The above shows what the AST looks like for a map literal.

The BEAM File

When Elixir (or Erlang) compiles a module, it creates a .beam file that stores the compiled module. If code is compiled using mix, the .beam files can be found in _build/**/lib/**/ebin/*.beam.

The .beam file can be created more directly, using elixirc. This puts the .beam file in the current directory. We will use elixirc for the purposes of this article.

We’ll start with a sample module:

defmodule MyModule do
  def addition do
    2 + 3
  end

  def an_atom do
    :hello
  end

  def a_call do
    value = addition() + 1
    value + 4
  end
end

Save the above file to my_module.ex, then run the following:

$ elixirc my_module.ex
$ file Elixir.MyModule.beam
Elixir.MyModule.beam: Erlang BEAM file

Erlang provides the beam_lib library and its chunks/2 function for reading the .beam file:

iex> :beam_lib.chunks('Elixir.MyModule.beam', [:abstract_code])
{:ok, {MyModule, [
         abstract_code: {:raw_abstract_v1, [
                           {:attribute, 1, :file, {'my_module.ex', 1}},
                           {:attribute, 1, :module, MyModule},
                           {:attribute, 1, :compile, :no_auto_import},
                           {:attribute, 1, :export, [
                              __info__: 1,
                              a_call: 0,
                              addition: 0,
                              an_atom: 0
                            ]},
                           ...
                           ]}]}}

The first argument to :beam_lib.chunks/2 is the .beam file path. Note the single quotes; it’s a charlist, not a string.

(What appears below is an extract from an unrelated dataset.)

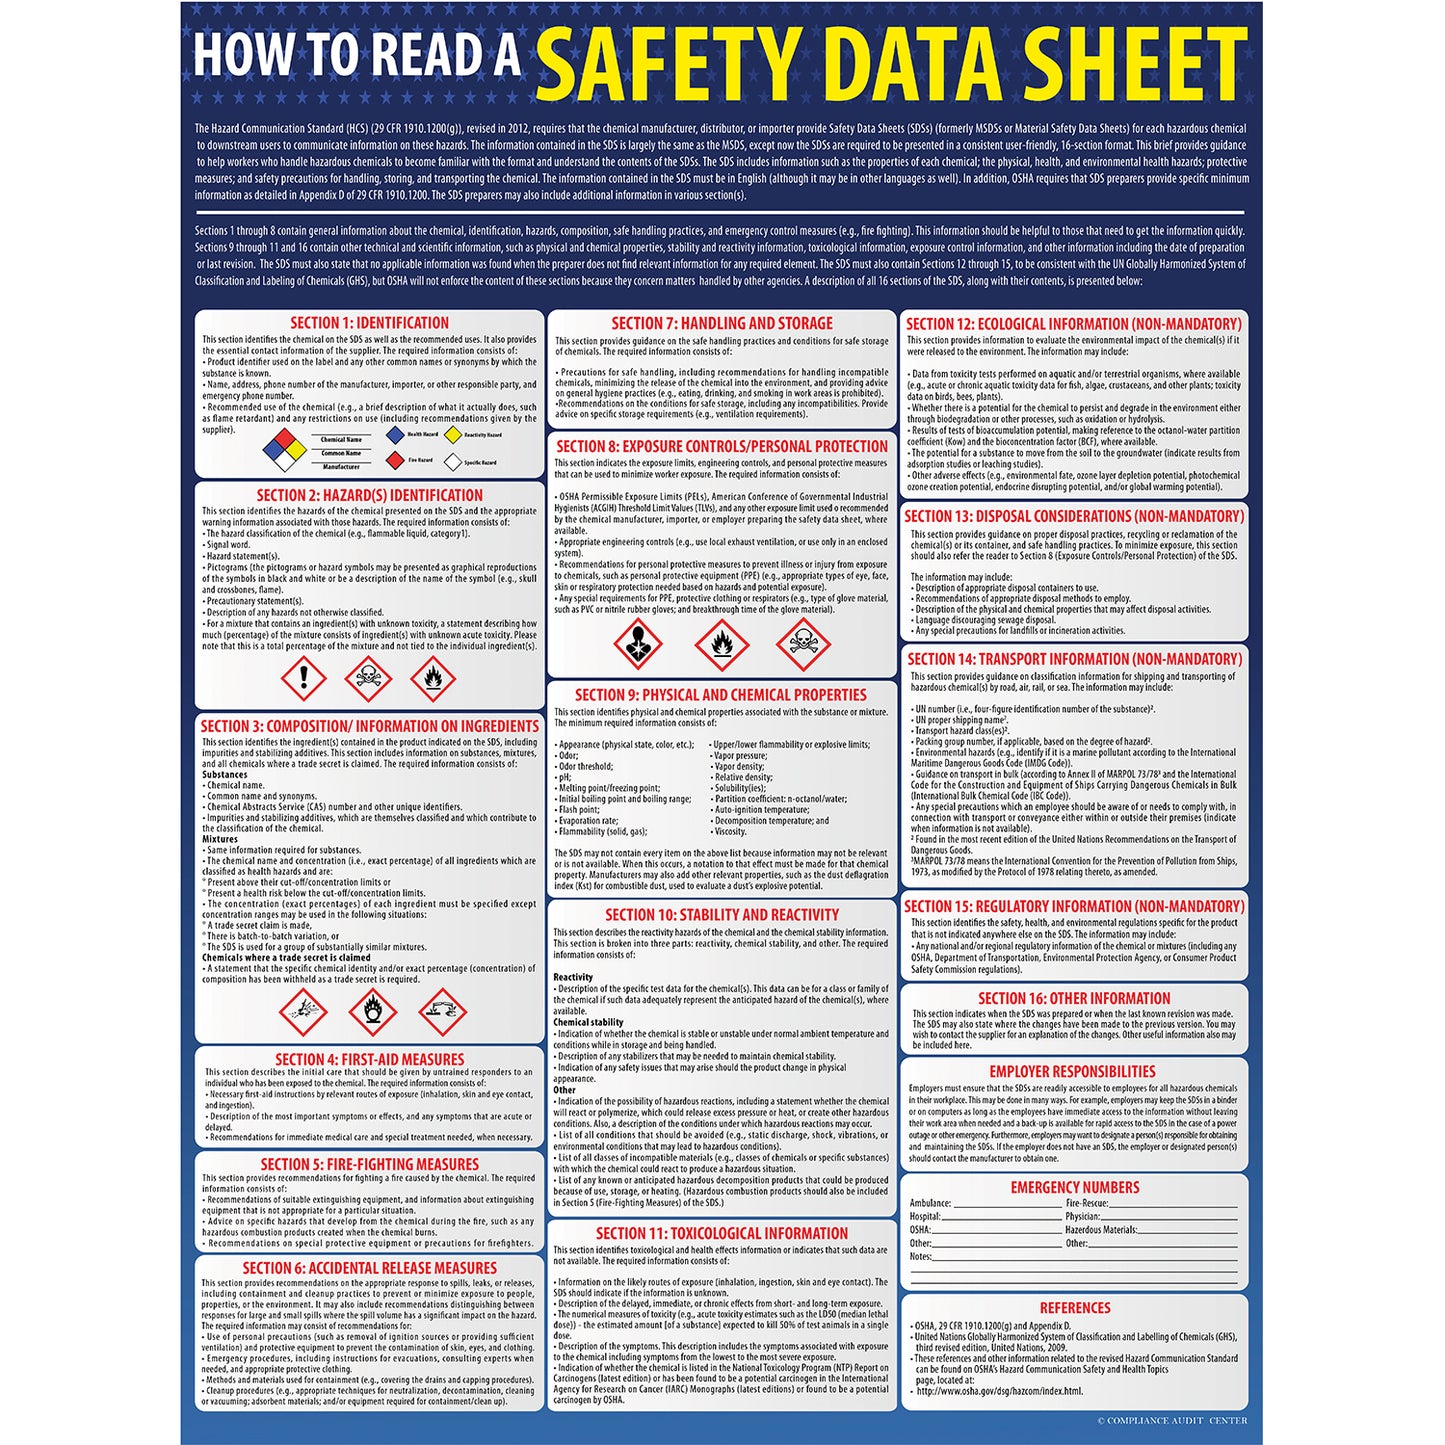 Safety Data Sheet (SDS) Poster

The second argument is a list of “chunk types” to extract from the .beam file. The full list of available chunk types can be found in the Erlang Source Code.

The bulk of the return data is a list of tuples. Some of the tuples contain the atom :attributes as the first element, and the others have :function as the first element.

The tuples having :function represent the functions of the module. The third element in the tuple is the function name.

You’ll notice a large function called :__info__ that is automatically added to all Elixir modules.

{:function, 0, :__info__, 1, [...]}

The last three functions are the ones defined in the module’s source code.

[
  ...
  {:function, 10, :a_call, 0, [...]},
  {:function, 2, :addition, 0, [...]},
  {:function, 6, :an_atom, 0, [...]}
]

Digging into the :addition function representation, we can see the semantic representation of the simple addition operation, 2 + 3:

{
  :op,
  3,
  :+,
  {:integer, 0, 2},
  {:integer, 0, 3}
}

If the goal is to get the list of functions defined by the module, a small filter and map is all it takes:

{:ok, {module, [abstract_code: {:raw_abstract_v1, attributes}]}} =
  :beam_lib.chunks('Elixir.MyModule.beam', [:abstract_code])

attributes
|> Enum.filter(&(elem(&1, 0) == :function))
|> Enum.map(fn {_, _, name, arity, _} -> {name, arity} end)

# Returns: [__info__: 1, bar: 0, foo: 0]

Conclusion

We’ve learned how to introspect Elixir source code by extracting the AST and ASG. It is my hope that this information will help you build the next great developer tool for Elixir.